We can also use meditation for selfish purposes. When we control our emotions, we can pretend anything, we can manipulate people, pull the wool over their eyes, pull a kind and nice face while all sorts of vices are ravaging our hungry heart. I would also like to remind that most of those who are considered to be great spiritual masters were at one time or another accused of rape, embezzlement, brainwashing and whatnot. In their presence we are struck by the contrast between the powerful emotions that stir us within and their supernatural calm. It's normal. They are also stirred by intense emotions, we feel their turmoil but the mastery of meditation allows them to fake absolute quietness and ultimate bliss. Mastery is very good. But its use may be problematic.
Personally I think that meditation can do much good if it is properly used. To begin with, I consider that it can absolutely not be used to achieve divine stuff. It is a workout that allows to learn to examine and master oneself. As for handling oneself to reach specific states of consciousness, I don't consider this as spirituality.

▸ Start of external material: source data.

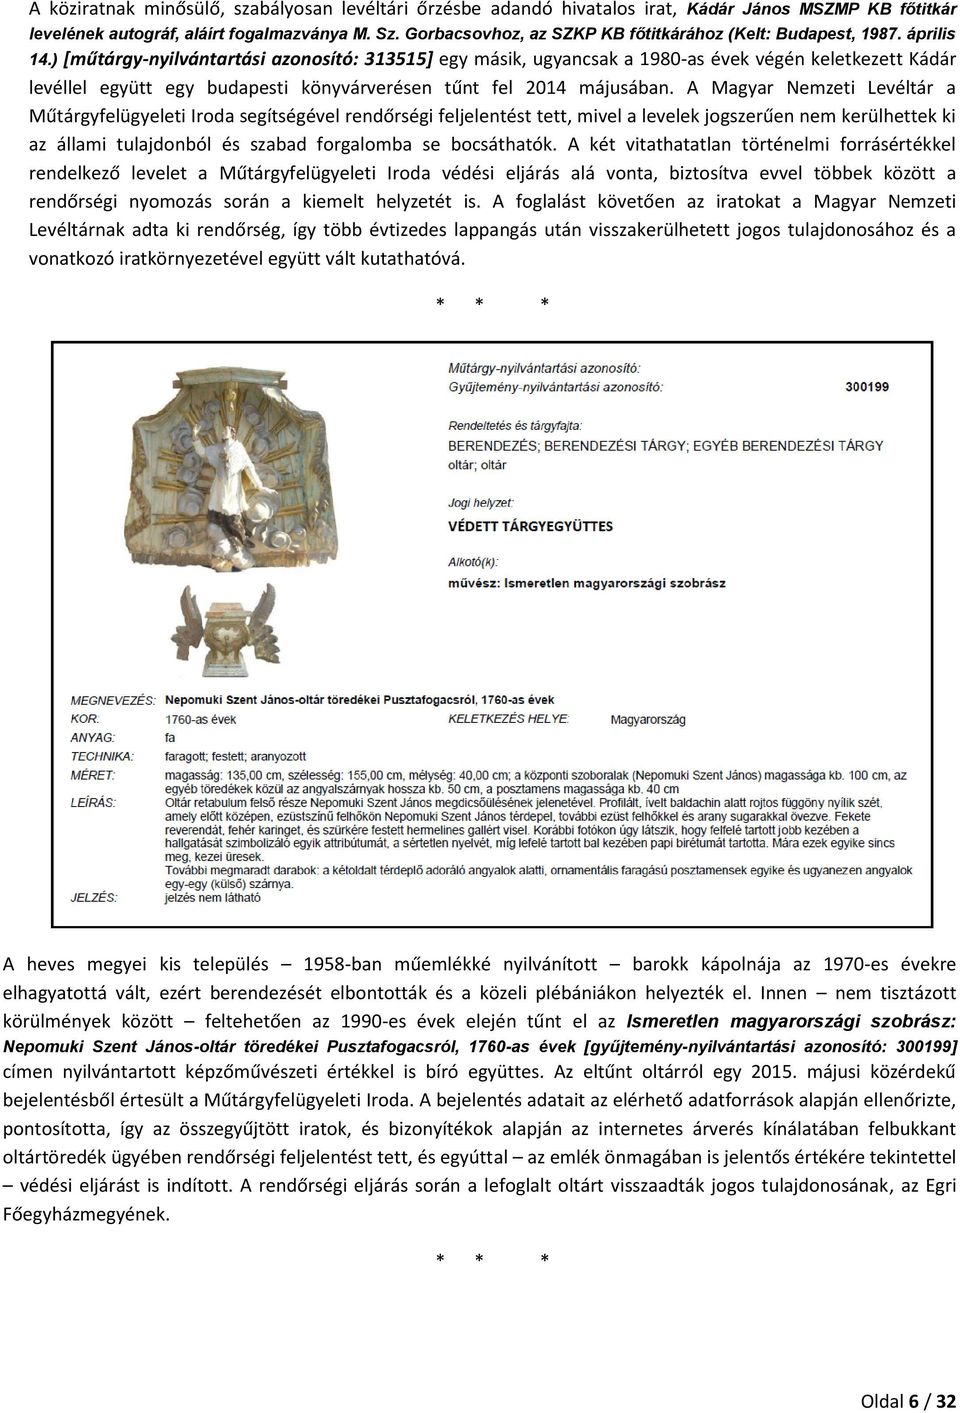 ) [műtárgy-nyilvántartási azonosító: 313515] egy másik, ugyancsak a 1980-as évek végén keletkezett Kádár levéllel együtt egy budapesti könyvárverésen tűnt fel 2014 májusában.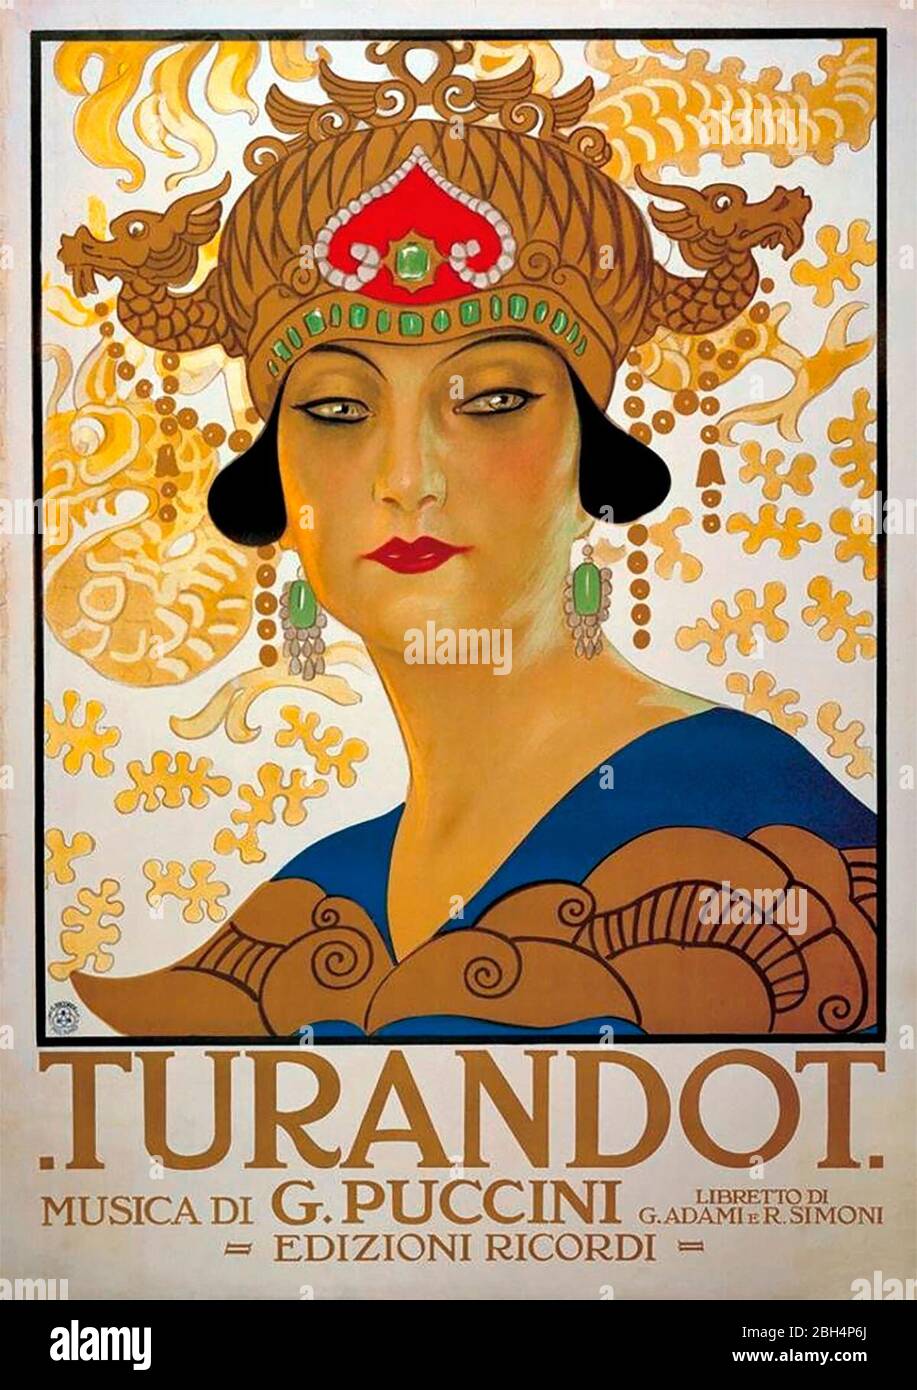 Affiche promotionnelle pour l'opéra Turandot de Giacomo Puccini, le 25 avril 1926 Banque D'Images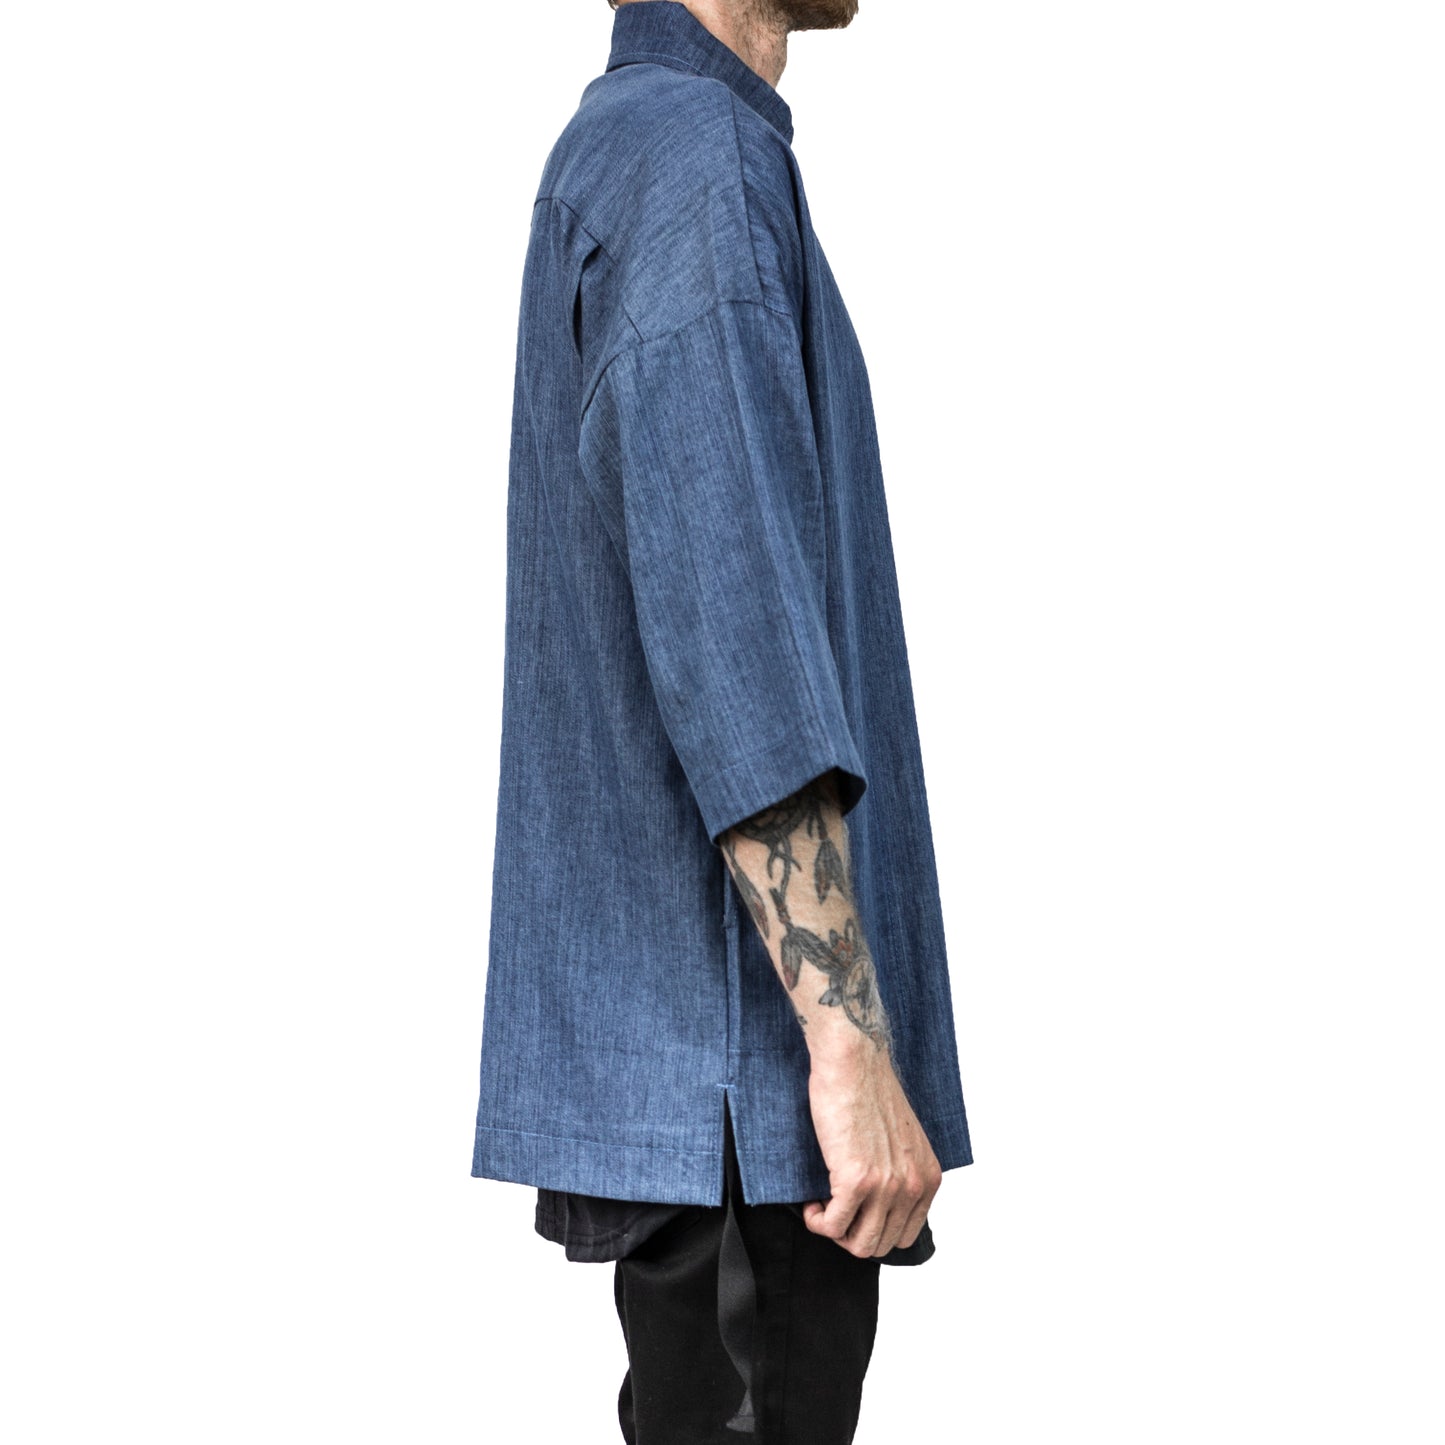 Camisa con cuello y cremallera: mezclilla azul

Once we are able to master ourself, we must avoid to fall into the trap of comfortable selectivity. We must remain able to still listen to everything that the being expresses, even if it's painful to sense and feel. Using mastery to put oneself on a pedestal and screw people, now that's such a pathetic use! The scam-masters who engage in this kind of career are chasing an illusory and expensive glory that locks them into the luxurious jail that they themselves built to amaze and retain their devotees.
The mastery provided by meditation can be used to evolve, to calm the inner turmoil to better perceive what is happening inside, to clean in order to see more clearly, to rummage around inside ourselves to find our own spirit. Seeking our own spirit, this is what I personally consider to be spirituality and nothing else, I consider that this is the best use we can make of meditation.